AWS launches Trainium2 chips for advanced AI model training
- AWS unveiled its Trainium2 chips capable of training large language models at the re:Invent conference.
- The chips provide impressive compute performance, significantly outperforming previous versions and competing offerings.
- AWS aims to continue innovating in AI computing with upcoming Trainium3 chips expected in late 2025.

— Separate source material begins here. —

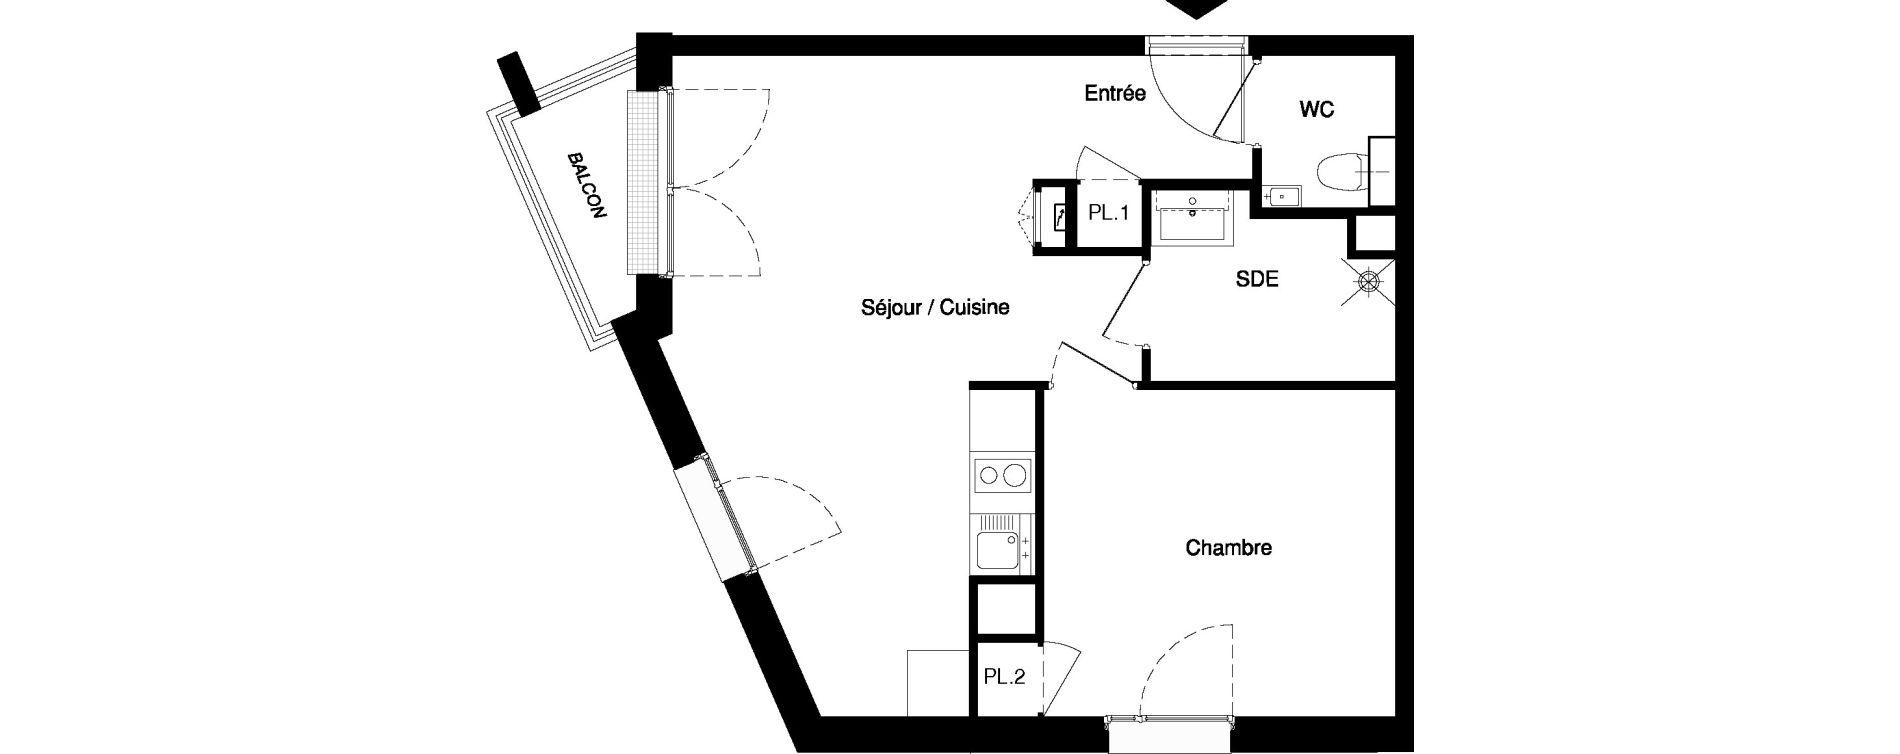 Appartement T2 meublé de 41,17 m2 à Nancy Rives de meurthe

In late 2024, Amazon Web Services (AWS) announced the general availability of its Trainium2 chips at its annual re:Invent conference. These chips, first introduced a year prior, are designed specifically for the training and deployment of large language models (LLMs). The Trainium2 chips boast a performance advantage, being four times faster than their predecessors and capable of providing up to 20.8 petaflops of compute performance from a single instance with 16 chips. This significant enhancement positions AWS's offering as highly competitive in the cloud computing space, particularly for LLM applications. The new chips also enable higher token-generation throughput for complex models, including Meta’s 405B Llama model. AWS emphasizes that their solution can deliver triple the throughput compared to existing offerings from other leading cloud providers. To accommodate these chips, AWS is deploying them in EC2 Trn2 UltraServers, which comprise 64 interconnected chips capable of achieving 83.2 peak petaflops of compute, making it an attractive option for customers dealing with large datasets and extensive model training. In collaboration with Anthropic, an LLM provider, AWS plans to build a massive cluster of UltraServers, envisioned to consist of hundreds of thousands of Trainium2 chips. This cluster aims to facilitate the training of Anthropic's models and is expected to deliver an impressive five times the computational power compared to their previous model training cluster. AWS claims this new setup is predicted to be the world’s largest AI compute cluster reported to this date. Despite the new advancements, AWS acknowledges the ongoing popularity of Nvidia's GPU offerings, which continue to be in high demand, although they are outmatched by the potential of the upcoming Nvidia Blackwell chips scheduled for release early next year. Looking ahead, AWS has also announced the Trainium3, which is anticipated to achieve another fourfold increase in performance, with availability expected in late 2025. This rapid development cycle underscores AWS's commitment to meeting the growing needs of customers who require powerful solutions for training expansive AI models, signaling an ongoing competition in the AI and cloud computing markets.